Isn’t it funny how life sometimes deals us a hand of cards that, although unwelcome, turns out for the best?

When I finally succumbed to ‘the COVID’ I was extremely annoyed because it seemed set to interfere with my summer relaxation plans. In fact, it was fortuitous that it came along when the farm workload couldn’t have been much lighter. If it had hit me during lambing, I have no idea how I might have managed.

Just as I was beginning to assume that natural immunity or being symptomless were the only explanations for missing out, this nasty little virus sneaked up and bit me.

People had generally warned that it was little more than a heavy cold, and after about a week, things would return to normal. In my case, they were partially correct.

Sting in the tail

The line on the Lateral Flow Indicator went from faint on day one to bold (and instantaneous) on day three, and gradually faded again after day six. However, the sting in the tail came afterwards, because weeks later and my energy levels are still on the floor.

That’s the bit I wasn’t expecting and now I know what all those skiving, useless, lazy people have been complaining about!

On a practical level, three weeks after ‘going clear’, a full day’s work sees me staggering into the house between half five and six and collapsing horizontally on the sofa. Only a well-prepared, delicious feast can tempt me to shuffle in the direction of the kitchen table before returning to a deep slumber. My wife knows I would never exaggerate or milk the situation for sympathy.

Summer plan

Up until the first evening, when noisy coughing and emptying of the lungs indicated something wasn’t quite right, the summer plan had seemed to be bombproof.

We had been invited to several weddings, I had organised a weekend trip across the water to visit the youngsters and a large family gathering was planned for me and my twin sister’s 60th birthday.

Therefore, I managed to issue a grovelling request to my poultry connections, begging them to let me lie out of birds for an extra couple of months. I have no bother getting someone to keep an eye on cattle and sheep for a day or two, but the ageing poultry houses are a different ballgame altogether and tie me completely for the 16-week occupancy.

Once the last house of birds was cleared, I reckoned it would be the easiest spell imaginable. As usual, I was wrong.

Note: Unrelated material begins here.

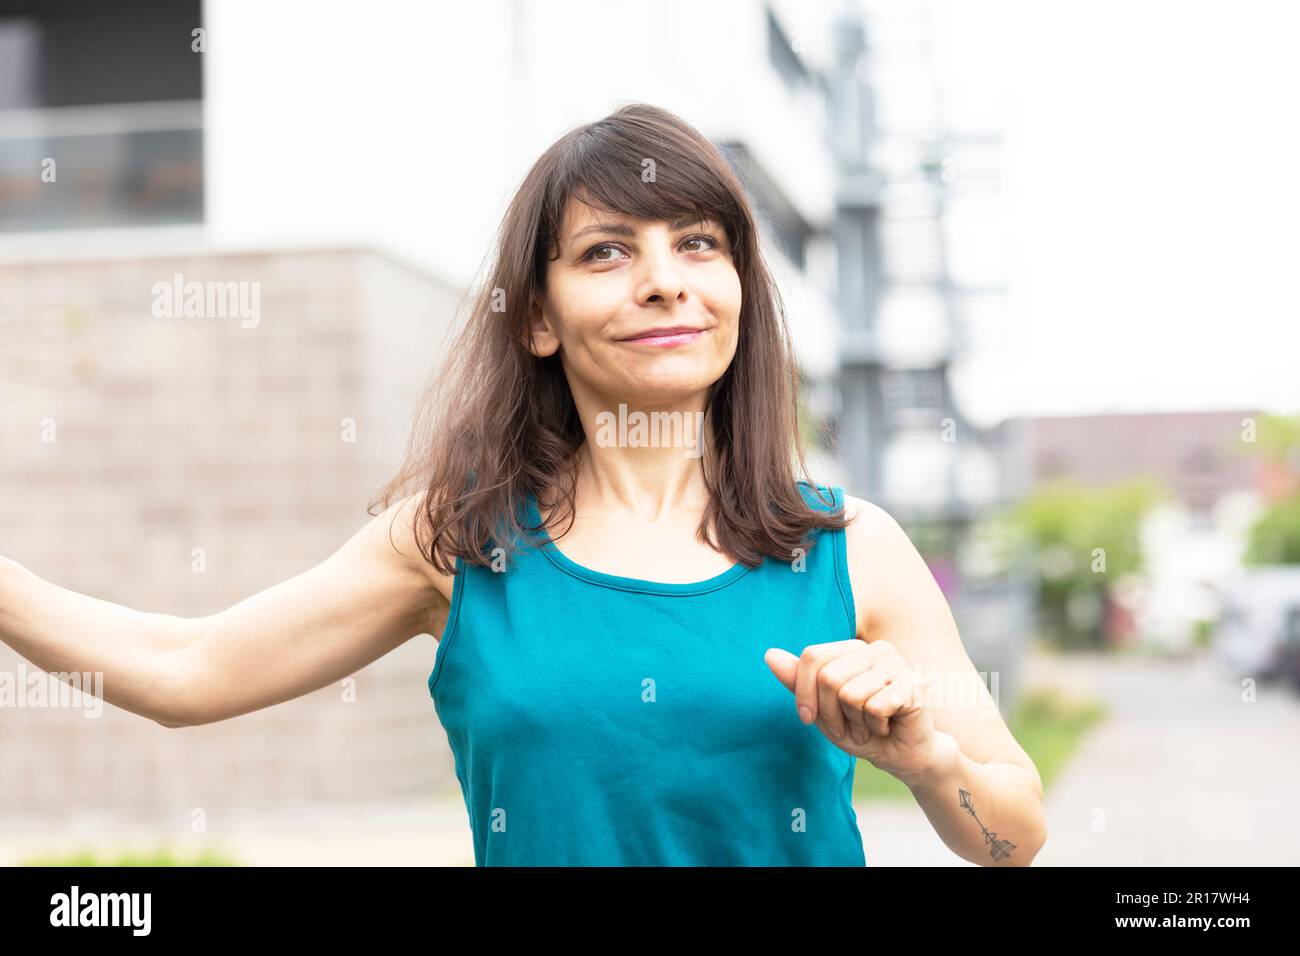 Eine Frau mit langen offenen Haaren, die in der Stadt tanzt Stockfoto

Work tends to expand and fill whatever time is available, and just because there was no panic in preparing the houses for another crop did not translate into laid-back days of gentle farming tasks. It just does not happen that way.

Even allowing for the lack of energy and motivation due to COVID-19, the days seemed just as busy as any other year. Perhaps my time management skills and prioritisation aren’t all they should be?

Knowledge

Something else that has surprised me this summer concerned the gaining of knowledge within our farming world. Surprisingly, this didn’t come about courtesy of several Business Development Group (BDG) meetings, but from every one of the weddings which we attended.

All had a strong farming flavour and two of them exclusively so, with both families exuding nothing but pure farming pedigree in every direction.

Irrespective of your views on the amount that is learned at BDG meetings, it pales in insignificance when set beside a group of well-lubricated farmers at a wedding. Forget about ‘4t per acre’, or ‘215% lambing’. You’ll hear far more accurate information about what’s really happening on farms at these late-night social gatherings.

Of course, the opposite side of young couples making lifetime plans is steadily happening in rural communities too, and I also attended a farming funeral at the start of the summer.

A slightly different atmosphere prevails, but it is still a way to catch up with local people that we only ever wave at from the tractor.

To sum up my agricultural year so far, the film Four Weddings and a Funeral comes to mind.